> **SUPPLIED DATA**:

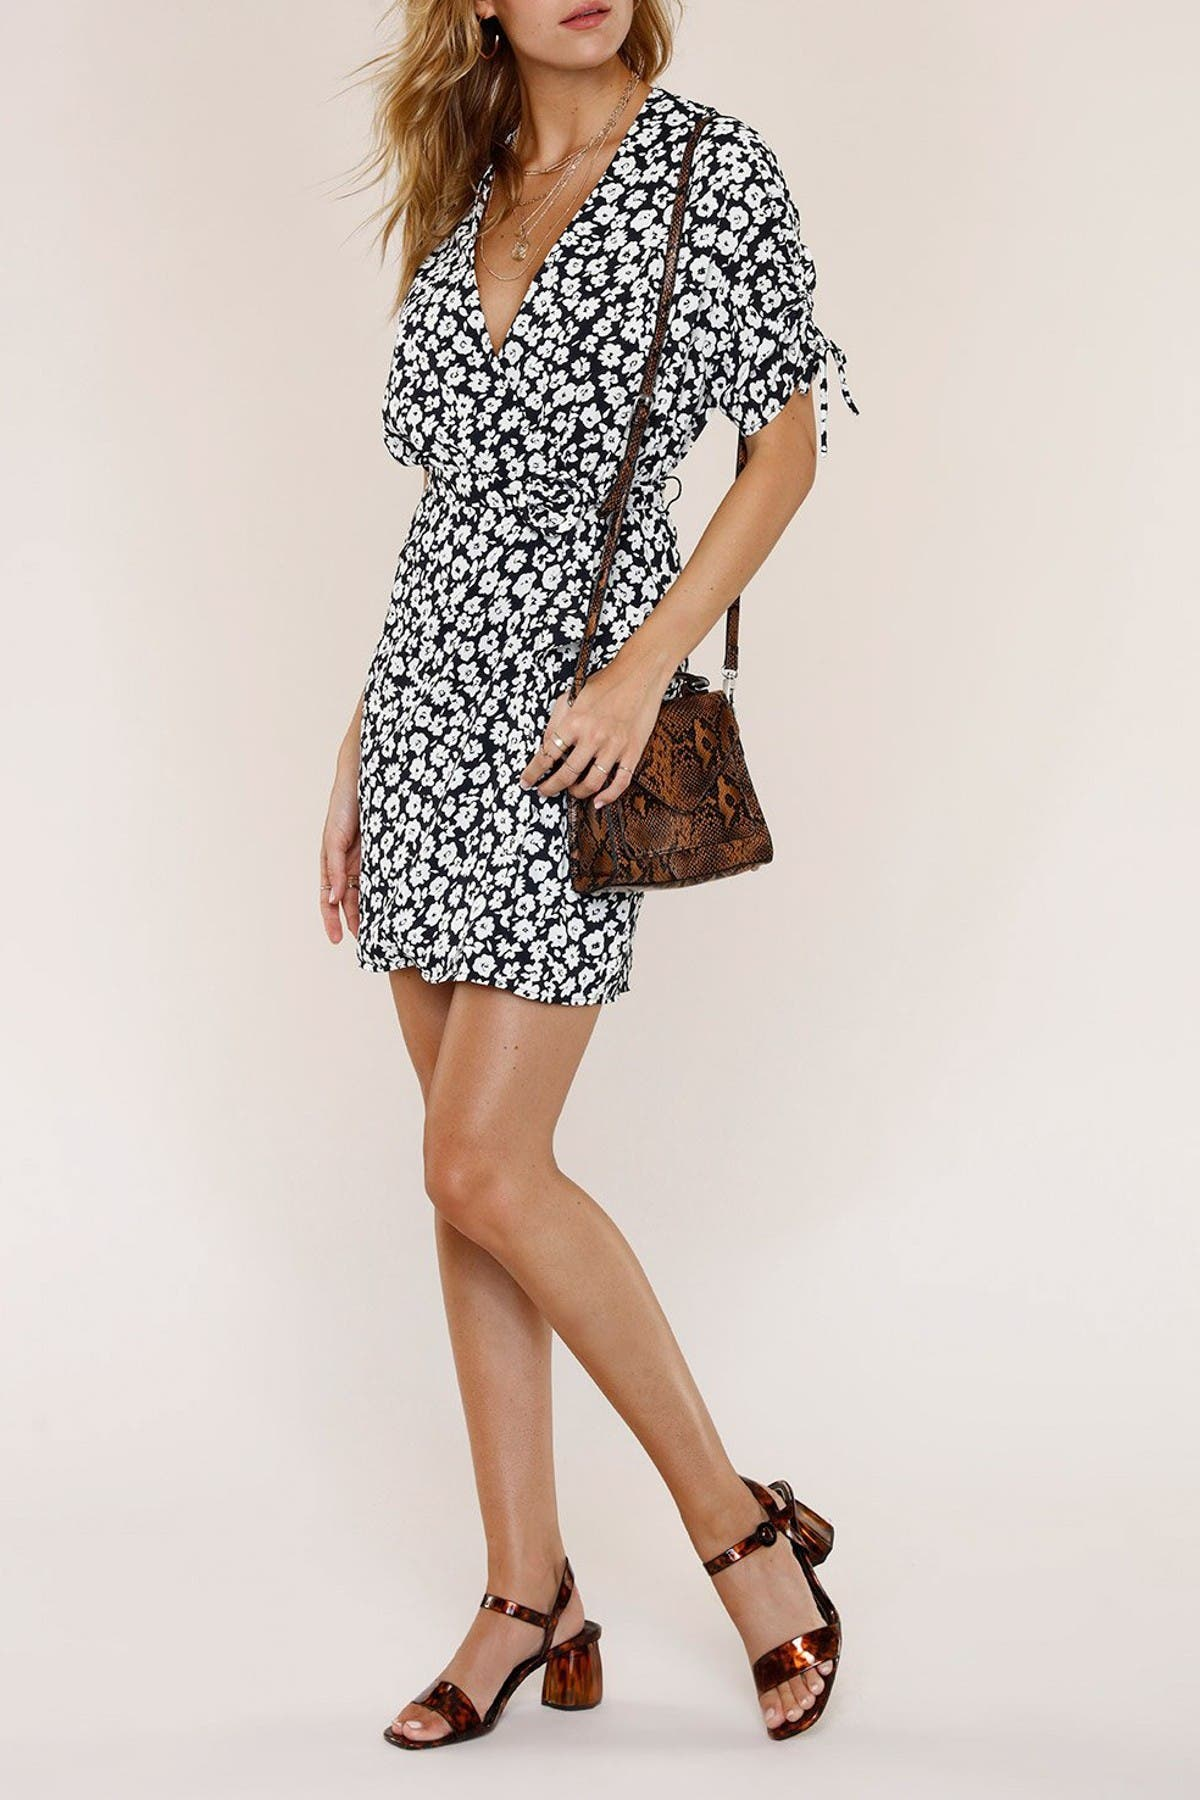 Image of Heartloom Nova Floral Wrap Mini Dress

...

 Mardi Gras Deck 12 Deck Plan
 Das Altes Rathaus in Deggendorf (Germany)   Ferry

==

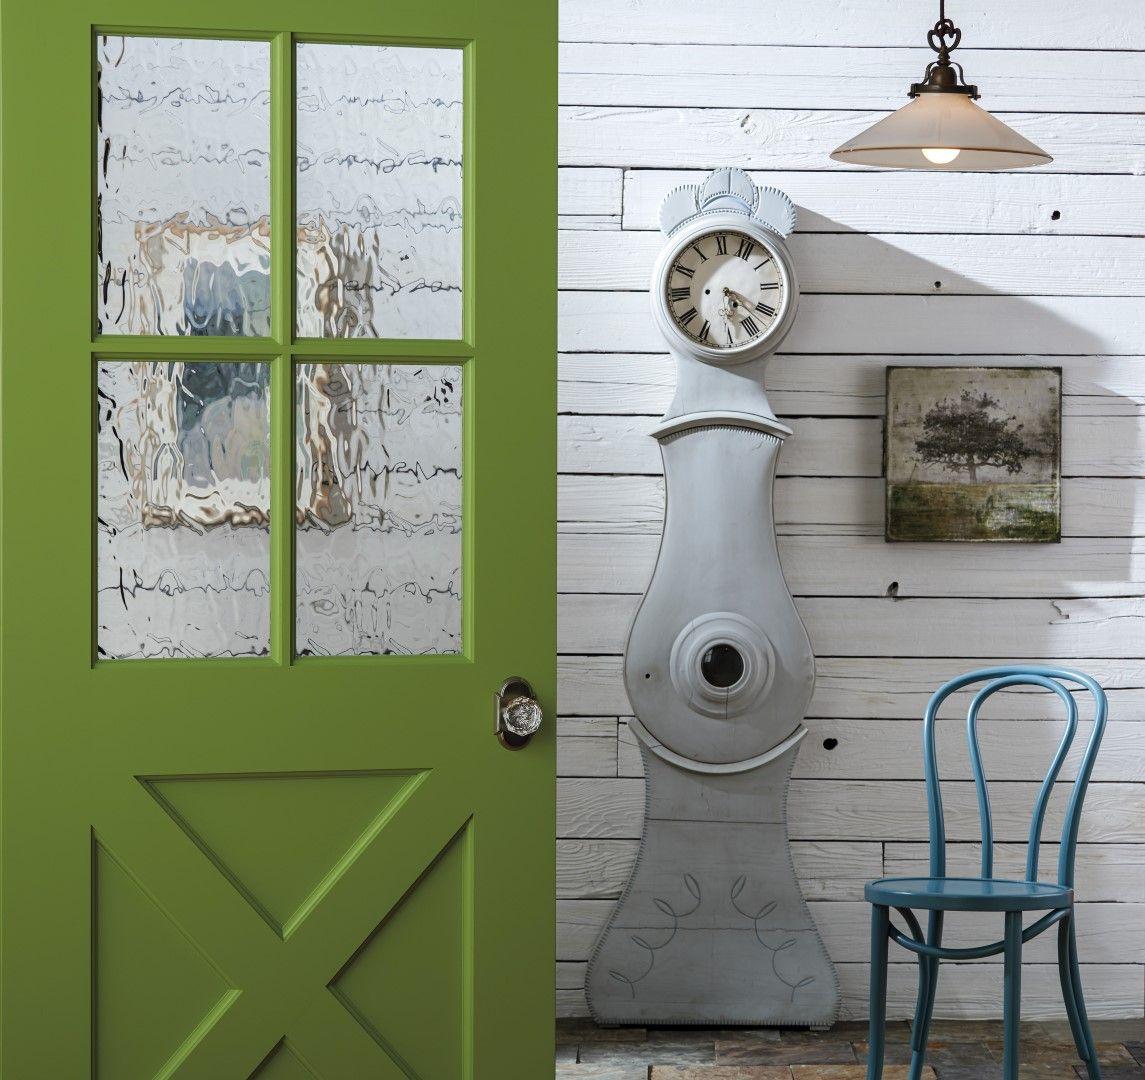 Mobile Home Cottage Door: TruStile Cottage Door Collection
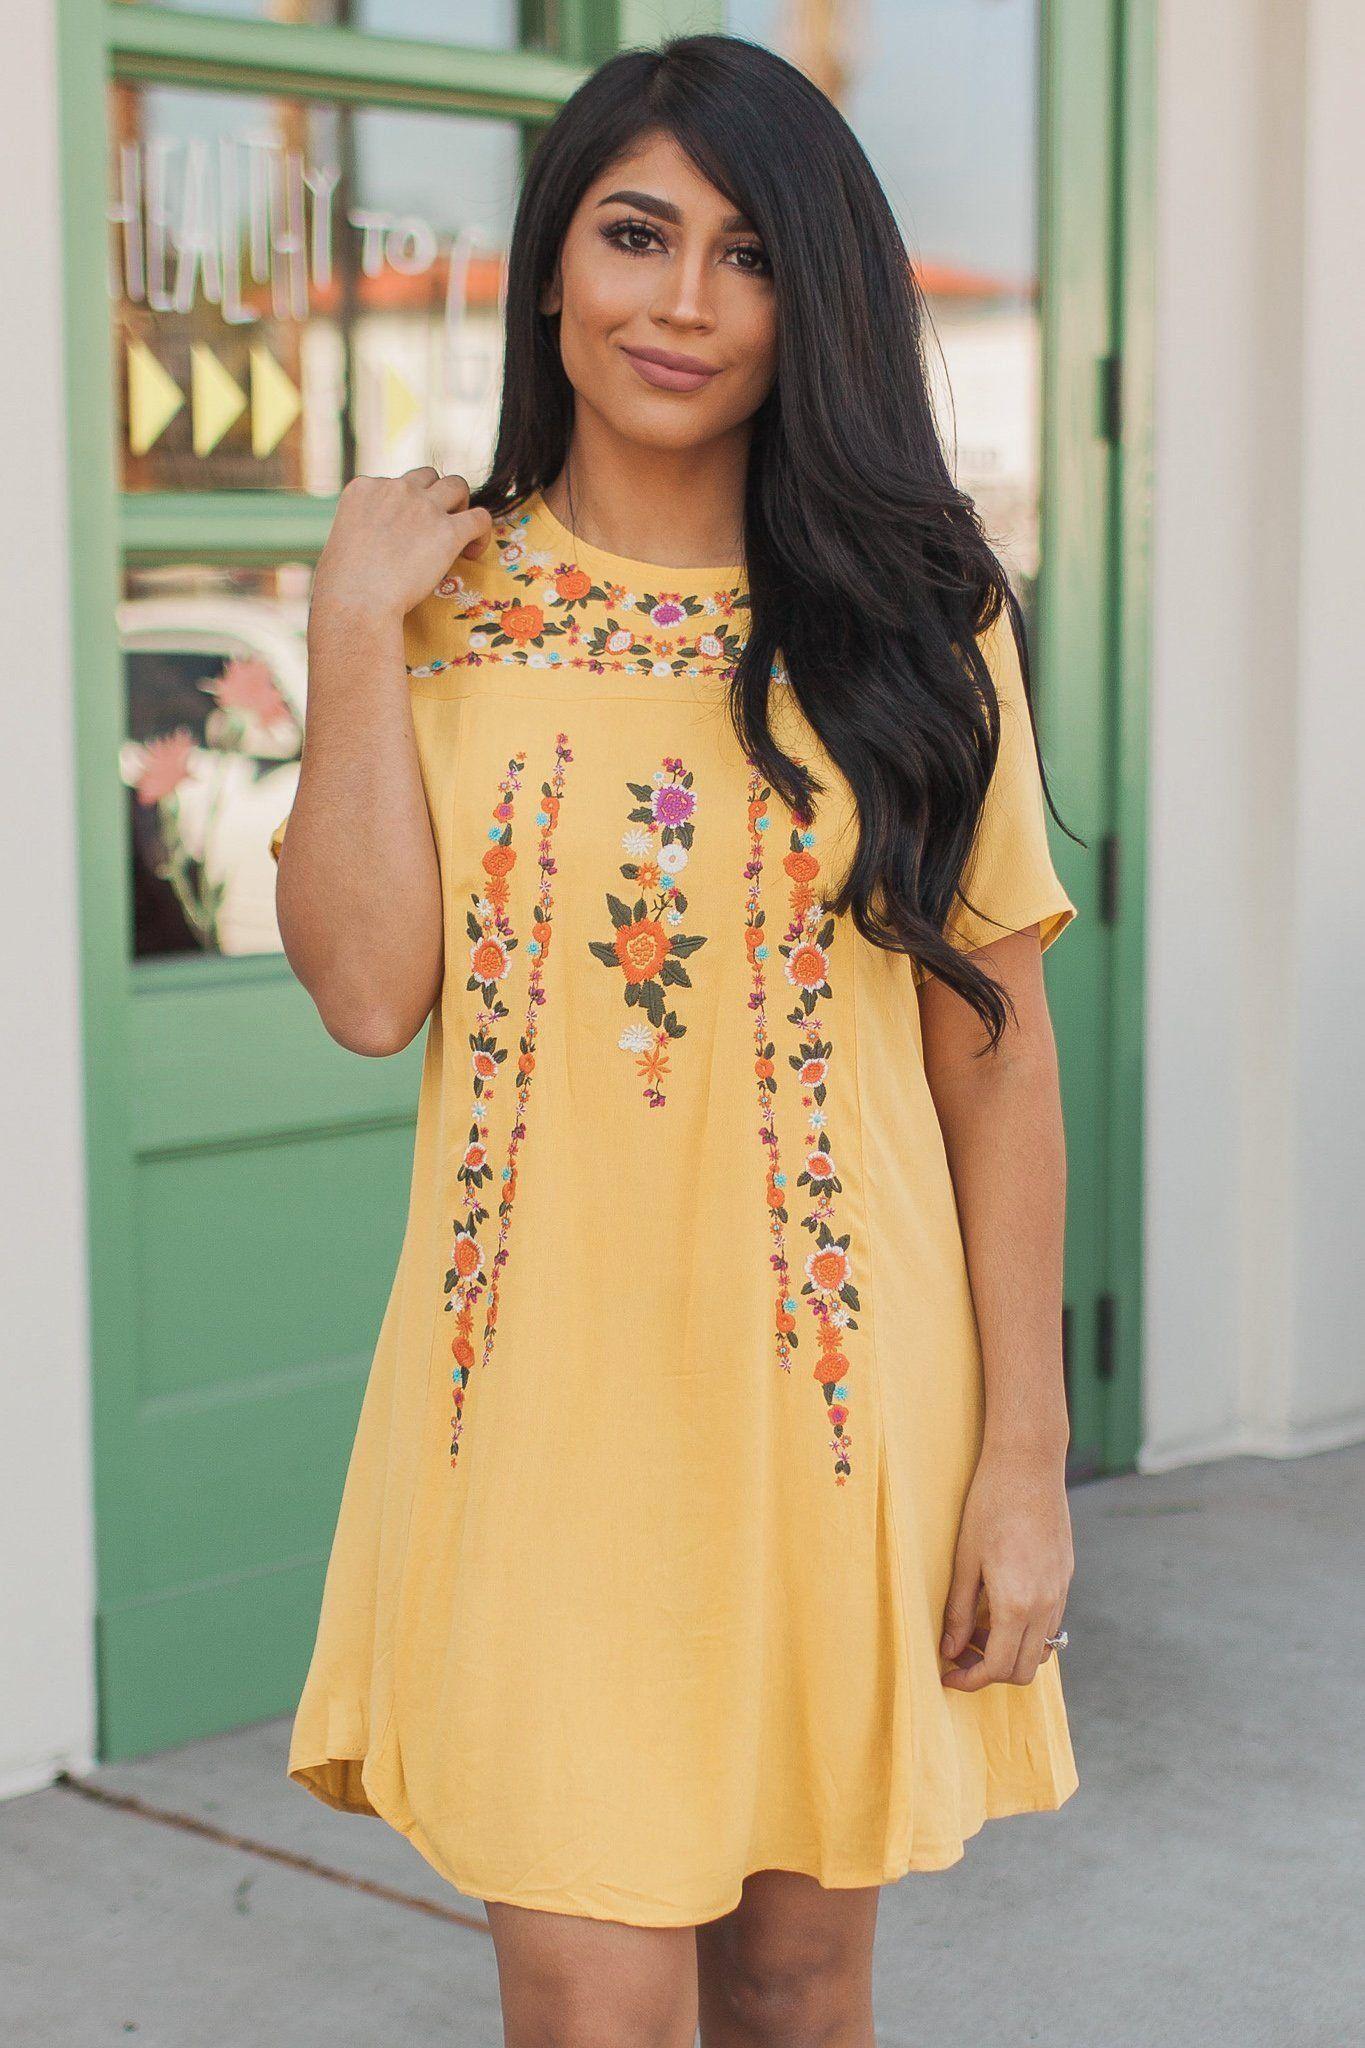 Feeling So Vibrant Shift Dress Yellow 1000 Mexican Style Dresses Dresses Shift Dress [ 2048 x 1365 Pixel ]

> **WHAT TO WORK ON**: Lines to set down from above: the line with "Mardi Gras Deck 12 Deck Plan", the line with "Das Altes Rathaus", and every line between, each exactly as written.

> **OUTPUT OF THE EXERCISE**:
 Mardi Gras Deck 12 Deck Plan
 Das Altes Rathaus in Deggendorf (Germany)   Ferry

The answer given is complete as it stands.